The problem is that this self-awareness isn’t perfect.
So when your company’s chatbot confidently makes up a fact, it may genuinely think it knows the answer, even when it doesn’t. Understanding this gives AI developers a powerful tool: the ability to improve prompts, adjust system settings, or design smarter safeguards to ensure that, when the model is unsure, it leans toward being cautious.
Final Thoughts
By tracing how AI models form and process ideas, we’re stepping into a new phase—one where we view these systems less as mysterious black boxes and more as complex cognitive tools that can be studied, debugged, and, ideally, trusted.

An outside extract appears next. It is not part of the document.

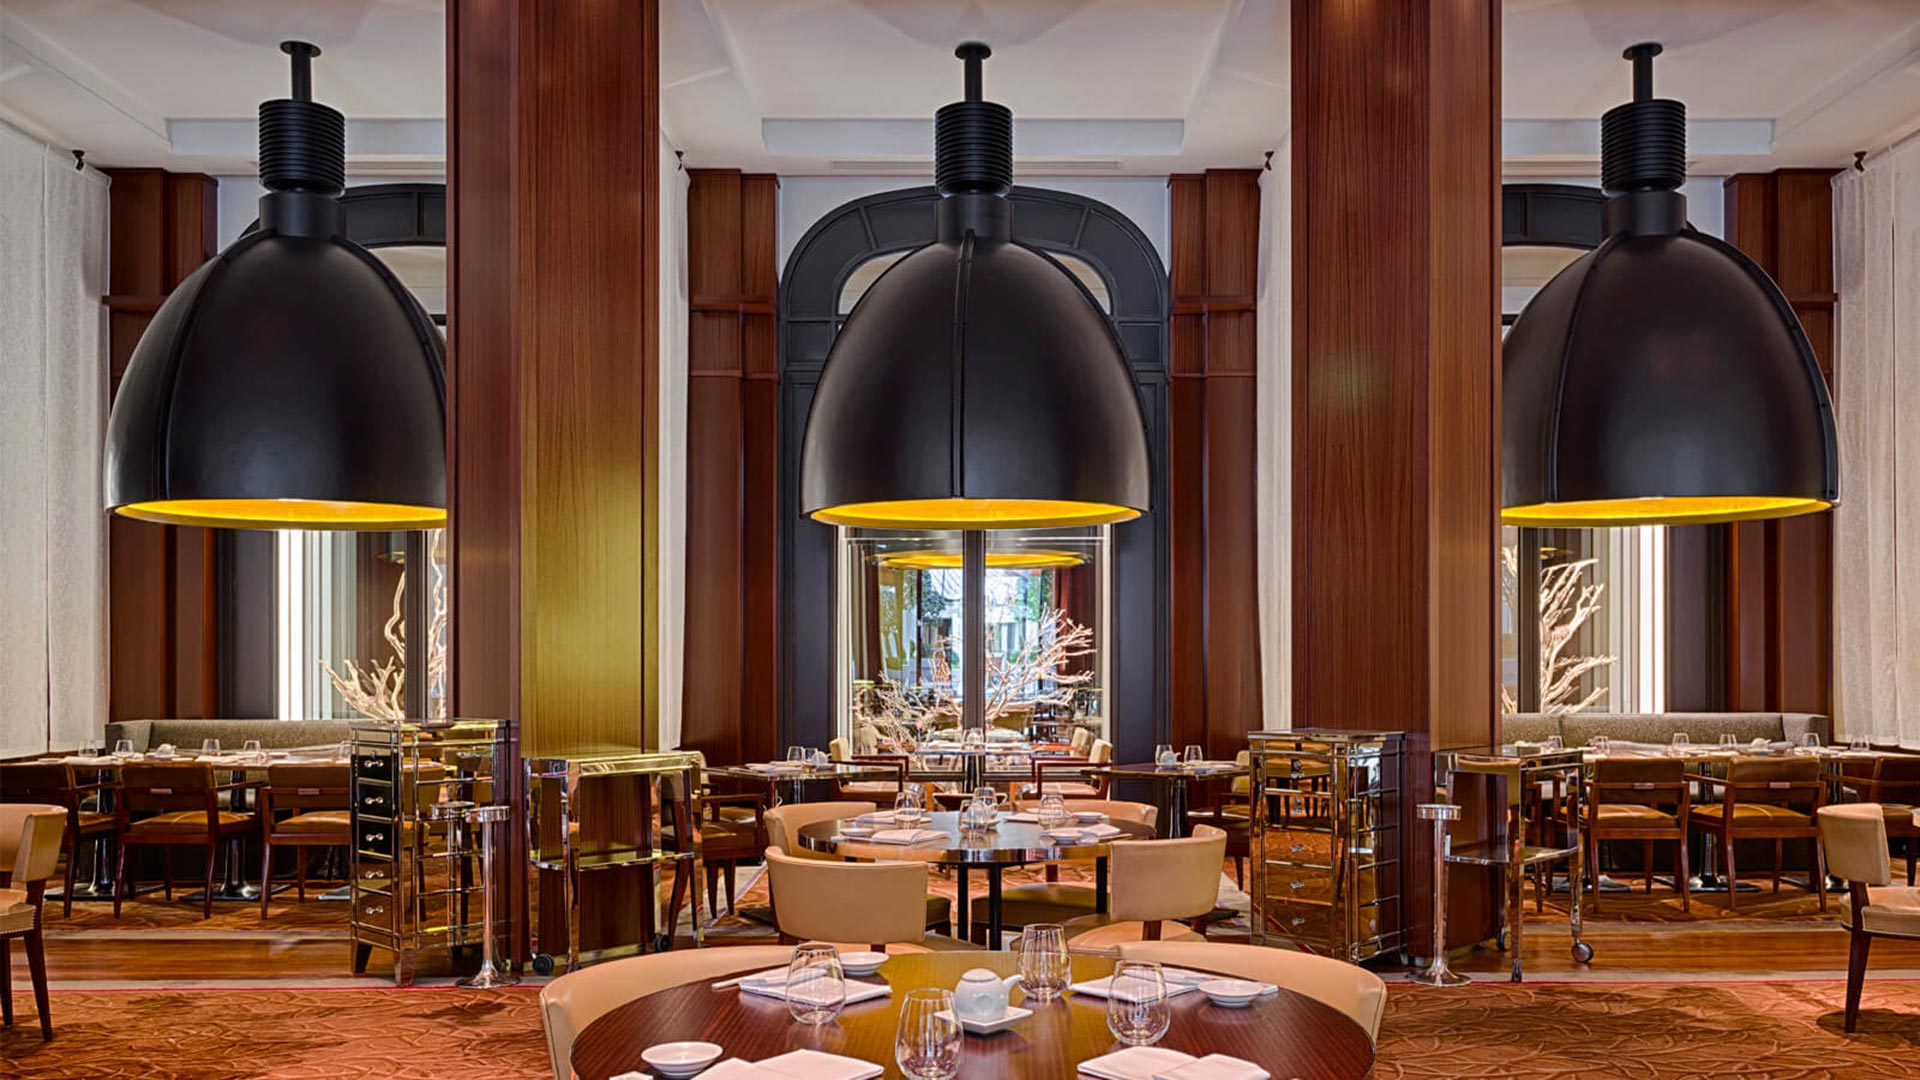 Le Royal Monceau cuenta con diversos restaurantes dentro de su establecimiento (raffles)

We’ve seen that AI reasoning can sometimes mirror human thought (abstracting concepts, planning ahead) and other times feel entirely foreign, like inventing odd ways to solve problems or faking a logical explanation when none exists.
Each insight, whether it's Claude crafting a rhyme in advance or fabricating a math proof, reveals another layer of how these systems work and how much more there is to uncover.
Fascinating... we may eventually figure out how we think as well along the way.